Glad that you like the work, FSD. Good that you quickly recognize ‘manna from heaven’ during a pricing trough (i.e., that a $200/month premium is nothing for owning a home compared to renting a townhome; we moved from renting a condo to renting a home, and the rental premium is $1,000/month).
PS, I hate repeating myself, repeatedly; please see Caveat 3 and the first line of my response to you this morning, both above. For the third time: this model predicts the future trough price, only. The predictors for peak prices are different. We’re past the peak. I don’t care about the peak. The peak is ancient history. I’m solely interested in identifying the next trough, though it is years away.

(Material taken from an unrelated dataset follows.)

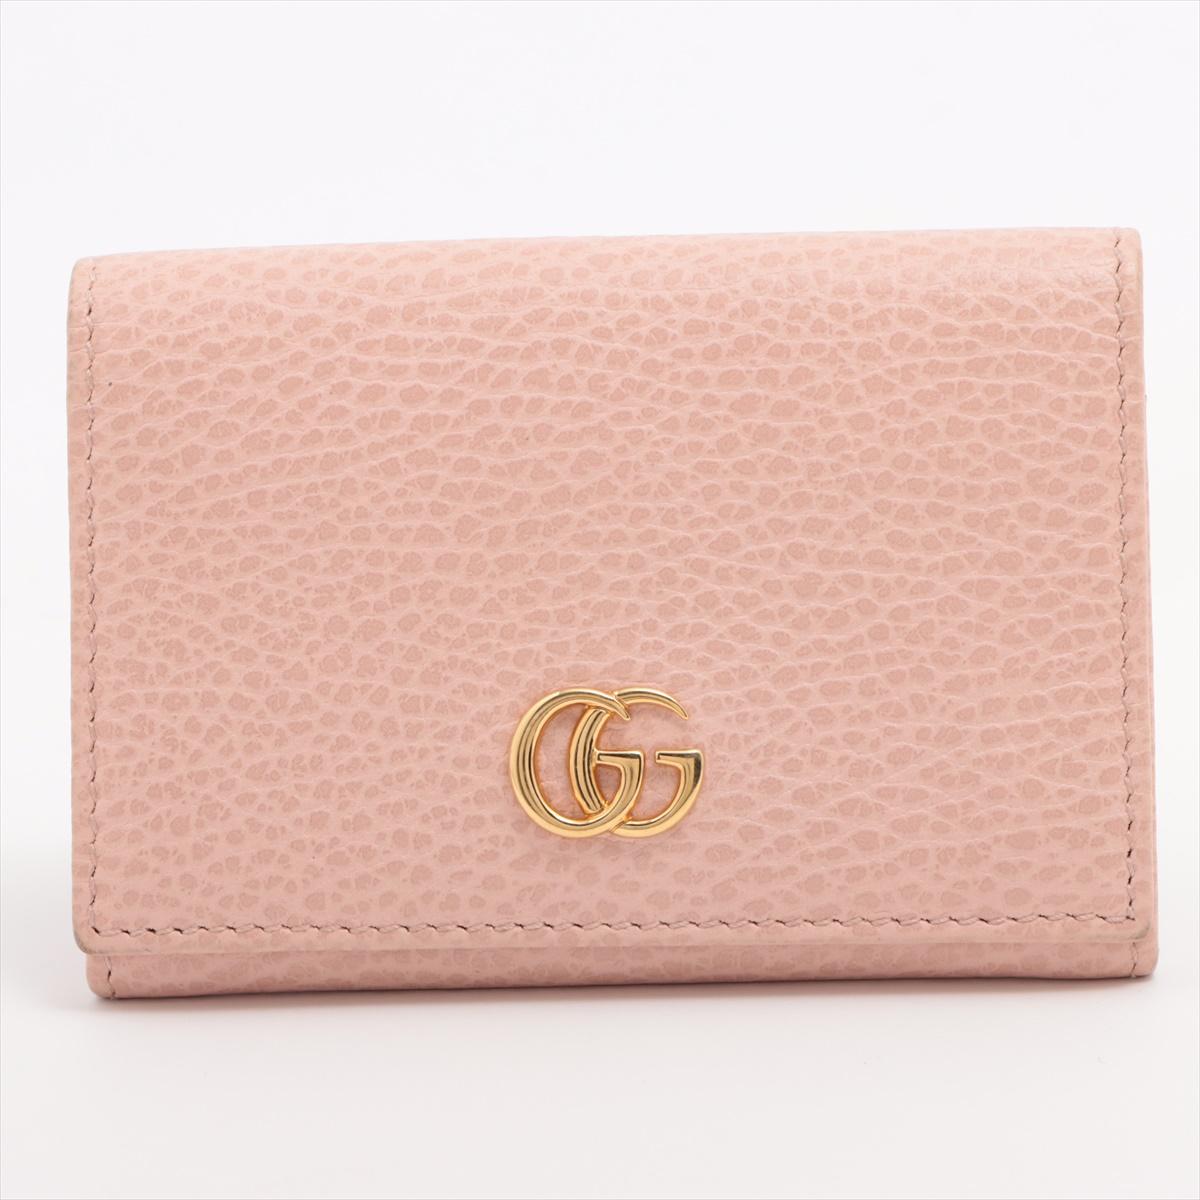 The Gucci GG Marmont Leather Card Case in Pink is a stylish and practical accessory that exudes luxury and sophistication. Crafted from high-quality leather, the card case features Gucci's iconic GG Marmont quilted pattern, showcasing the brand's
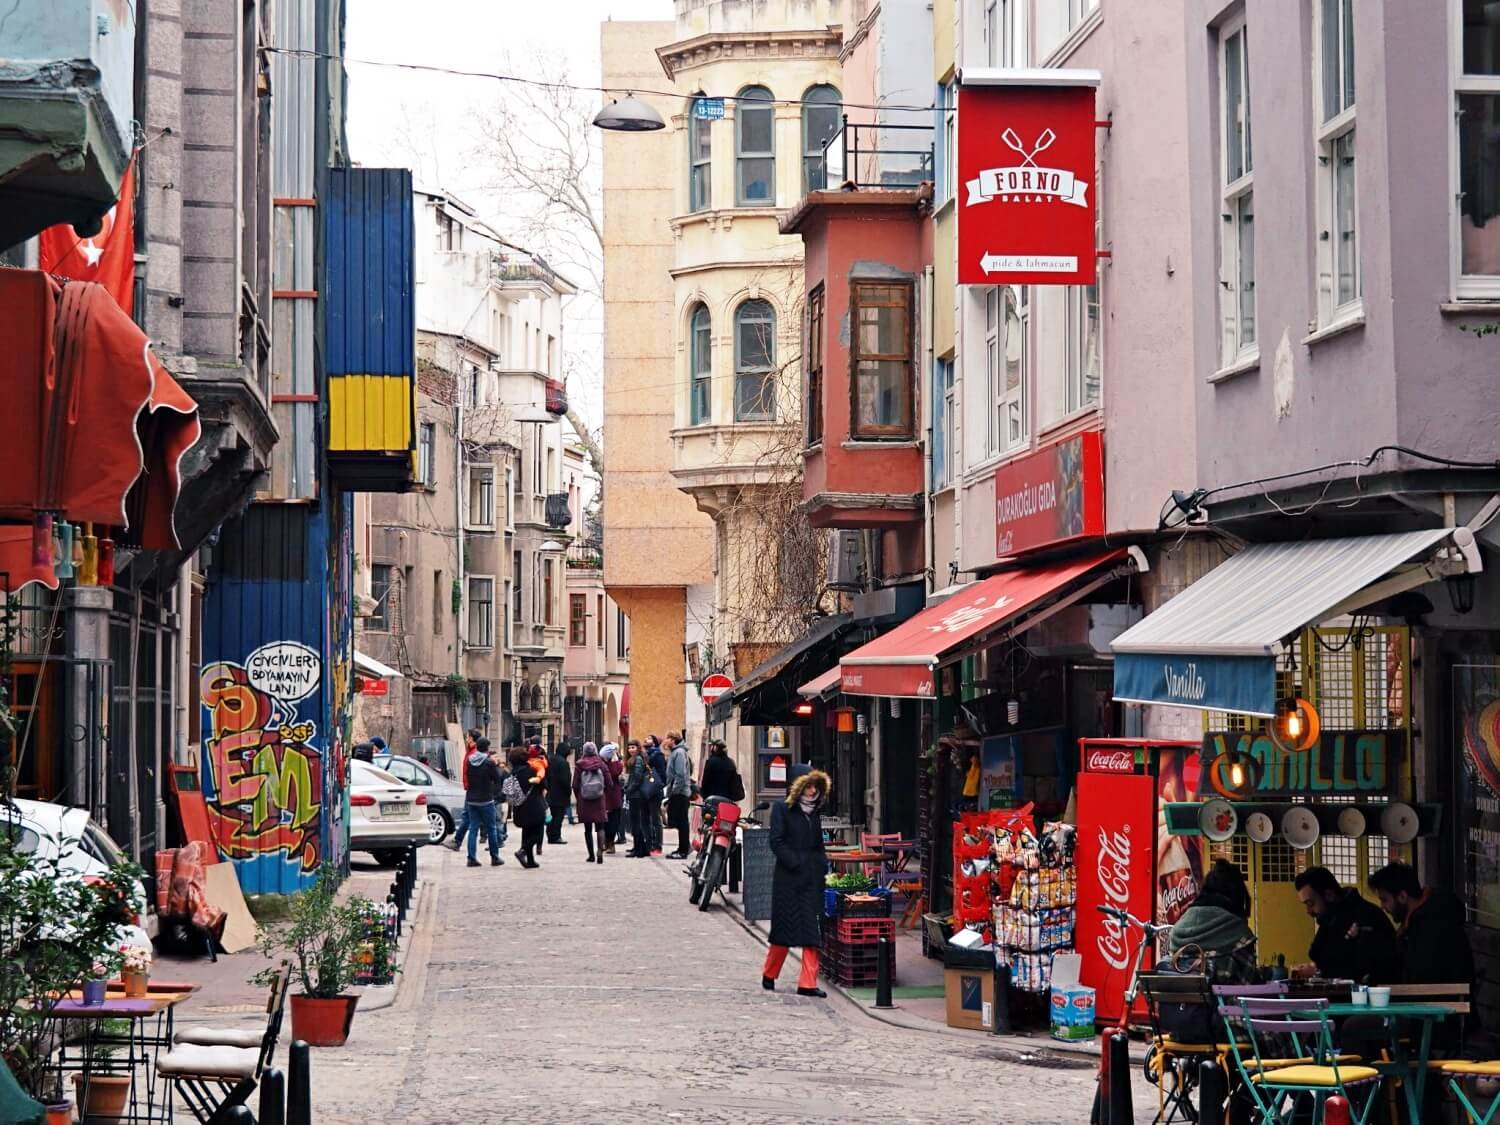 Weather in Istanbul December - a street in Balat, Istanbul

FSD, I agree that the predicted prices are noisy, because the data that the model uses — NODs, employment, and deseasonalized sales — are noisy (i.e., move up and down month to month). Averaging, or buying on a 5%/6% trigger, as you suggest, may be useful. My model shows:
— Predicted trough price occurs in July 1995 at $165K. Actual trough price occurred in December 1995 at $163K.
— 5% above predicted trough price (of $165K) occurs in November 1995 (predicted November price = $173K, actual November price = $167K).
— 6% above predicted trough price (of $165K) occurs in August 1996 (predicted August price = $176K, actual August price = $174K).